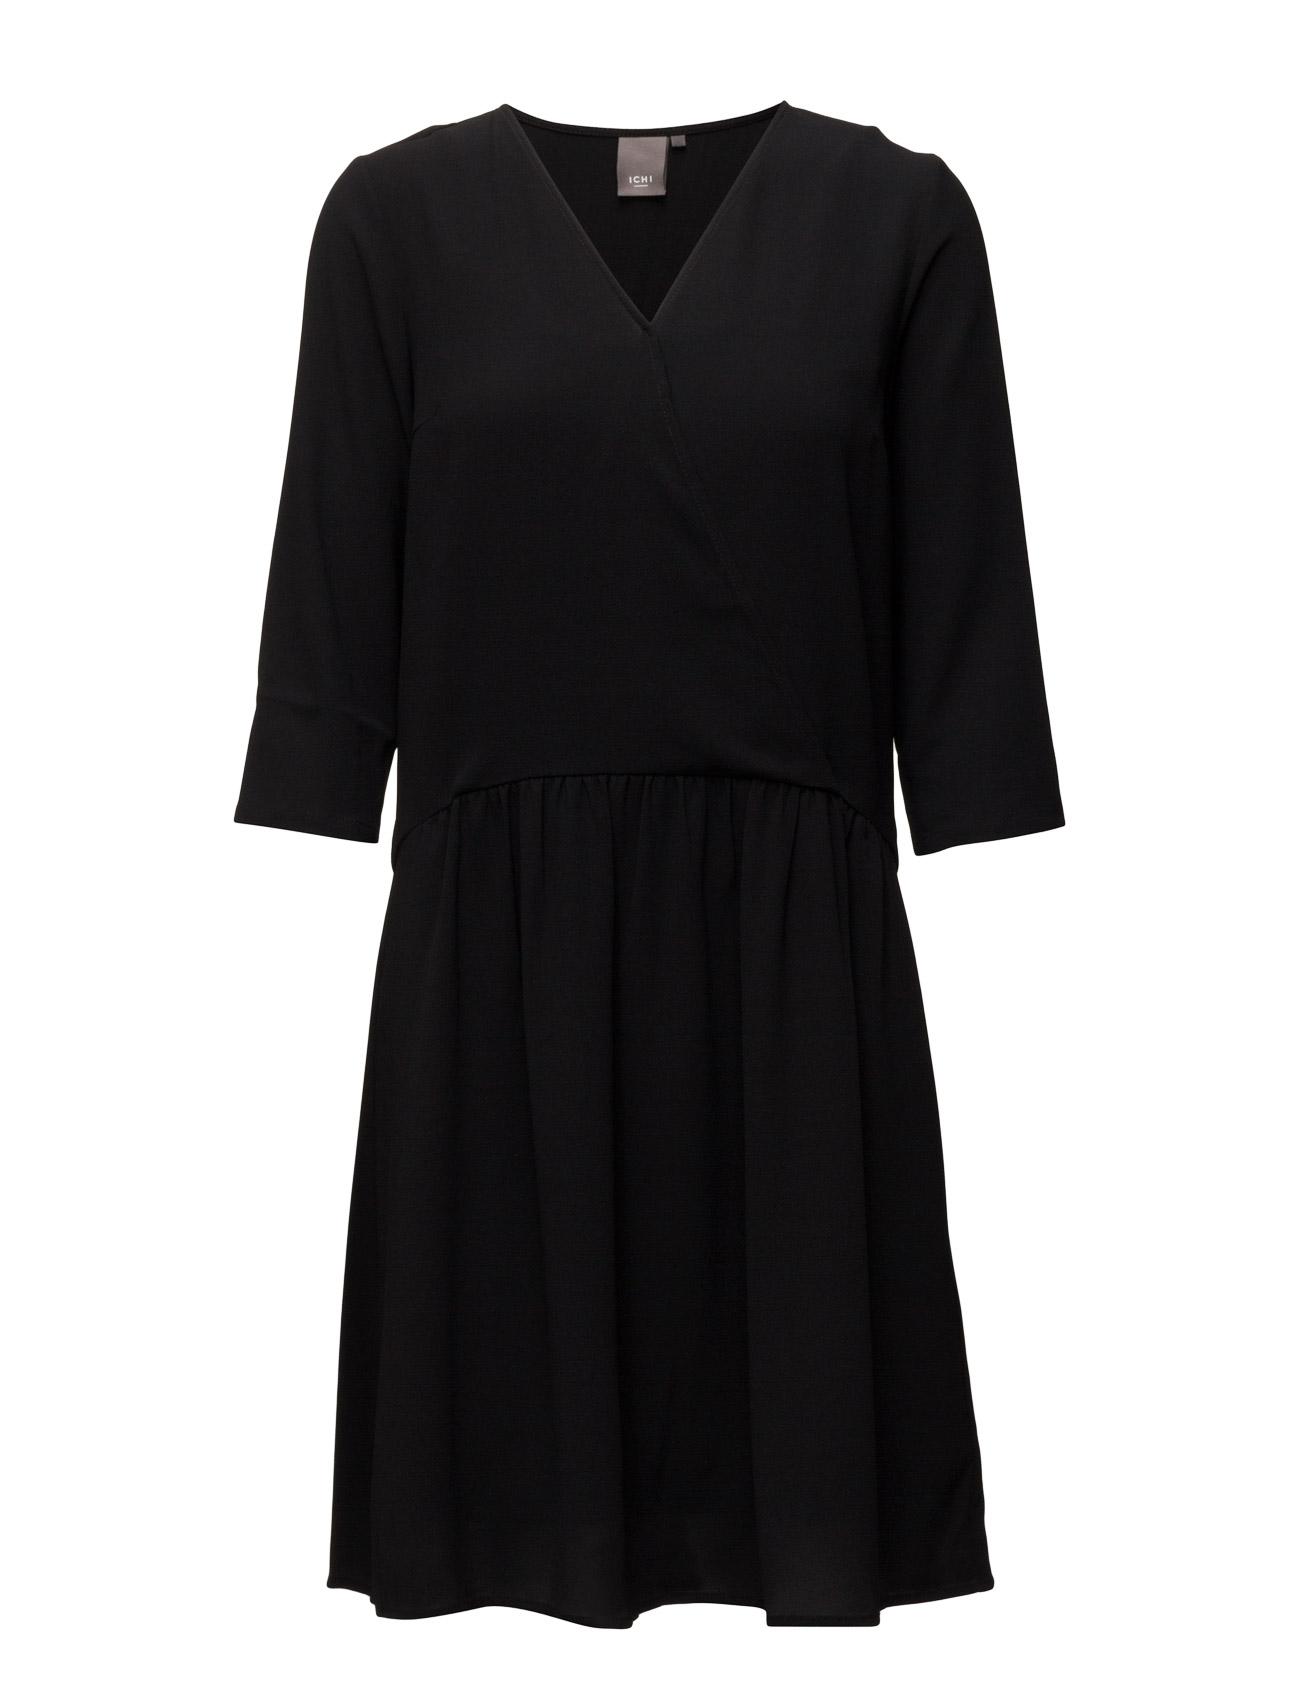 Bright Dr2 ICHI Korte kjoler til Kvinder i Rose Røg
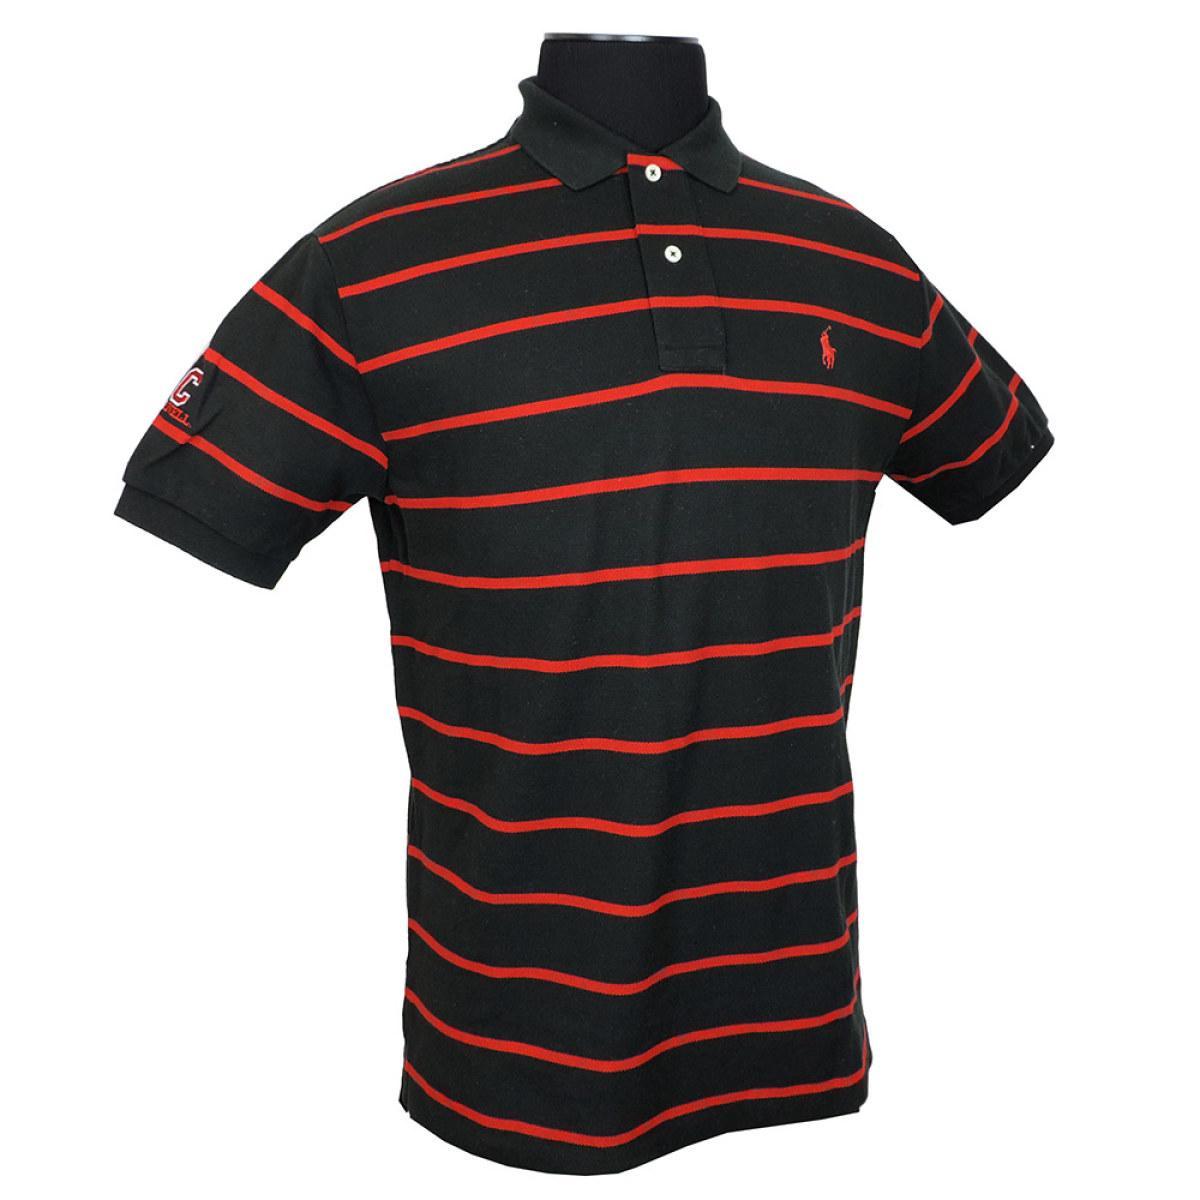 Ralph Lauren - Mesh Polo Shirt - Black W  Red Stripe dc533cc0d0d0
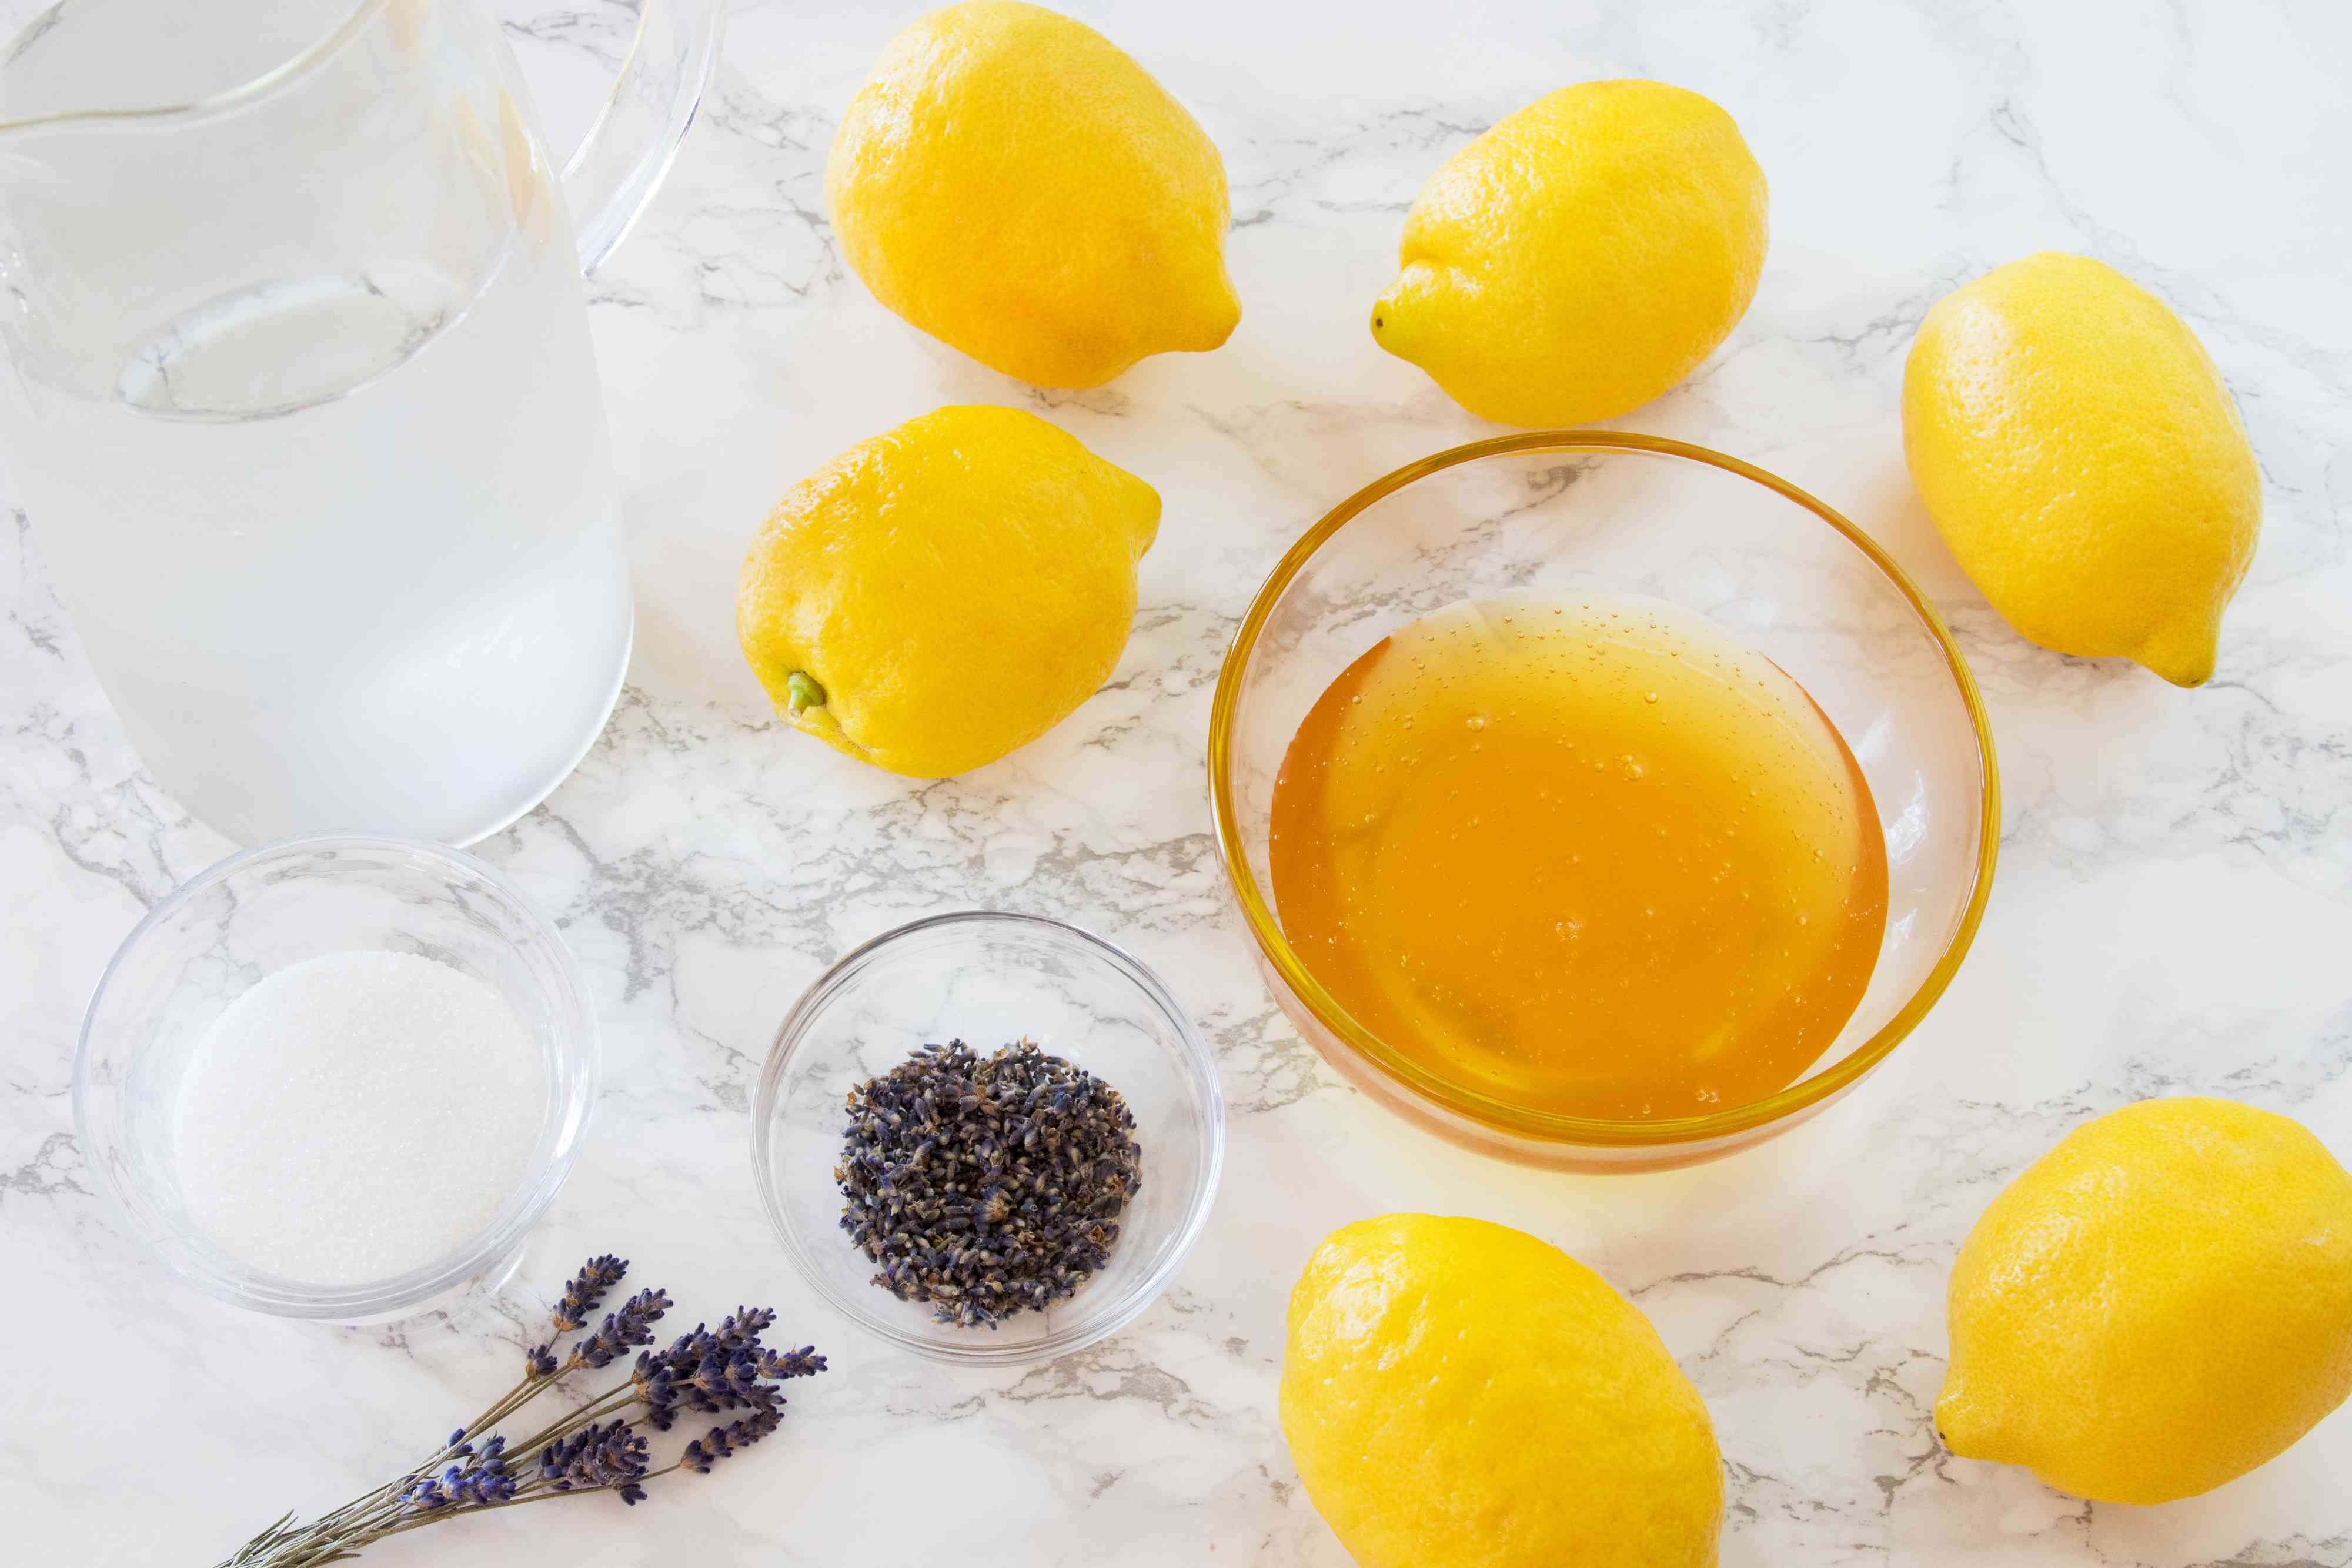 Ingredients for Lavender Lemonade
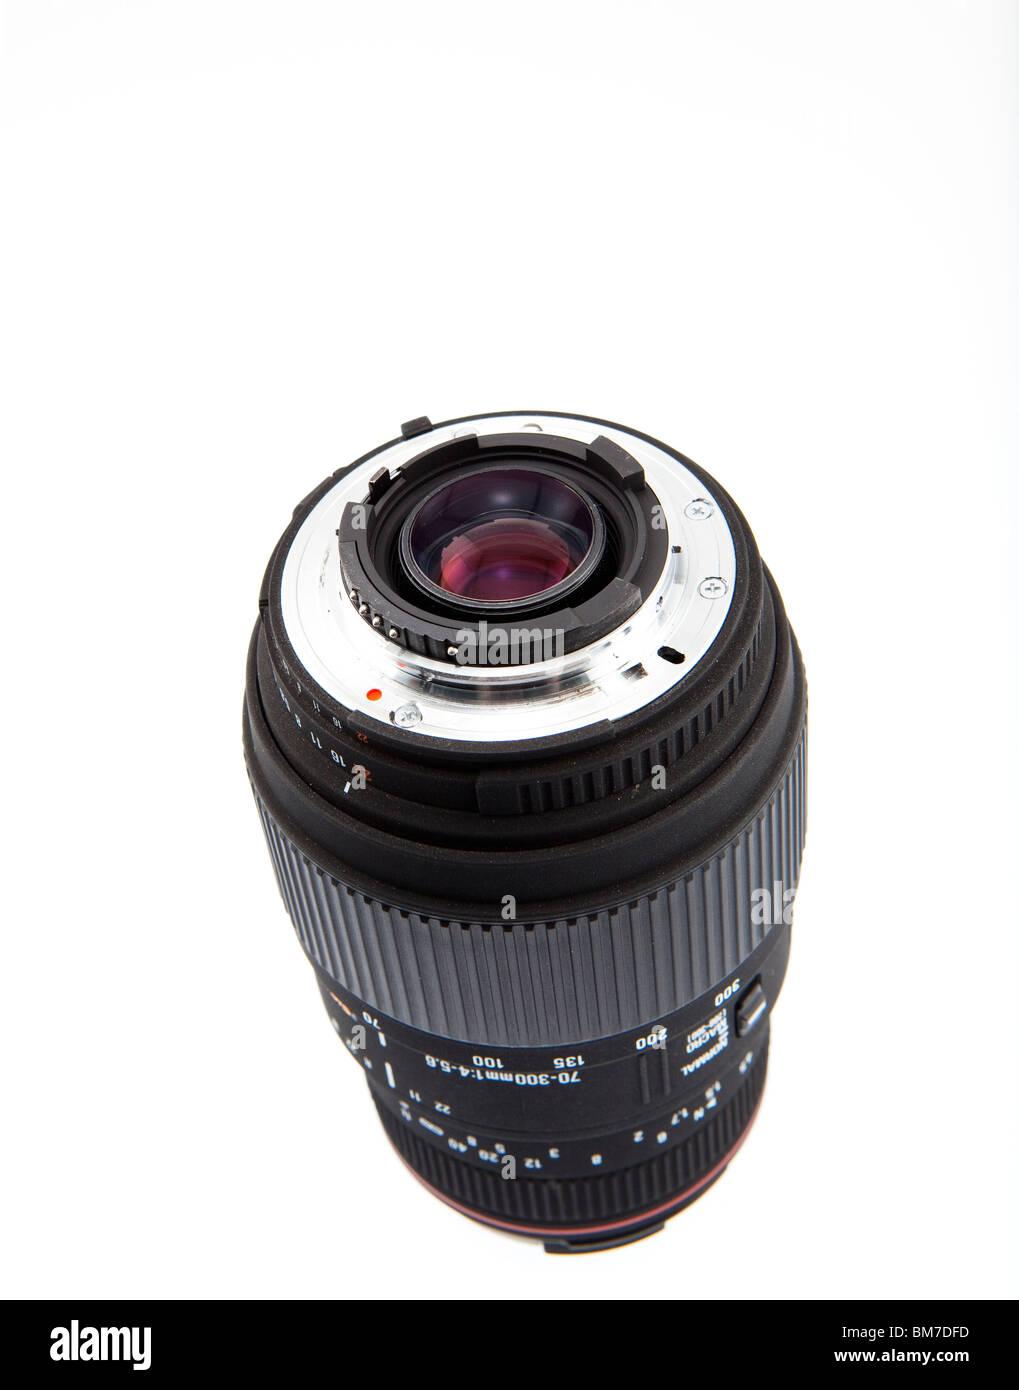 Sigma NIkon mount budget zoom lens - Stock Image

————

• How to complete this task
The reply should repeat the data in full, exactly as given, and contain no pictures.

• Finished exercise
 Bright Dr2 ICHI Korte kjoler til Kvinder i Rose Røg
 Ralph Lauren - Mesh Polo Shirt - Black W  Red Stripe dc533cc0d0d0
 Ingredients for Lavender Lemonade
 Sigma NIkon mount budget zoom lens - Stock Image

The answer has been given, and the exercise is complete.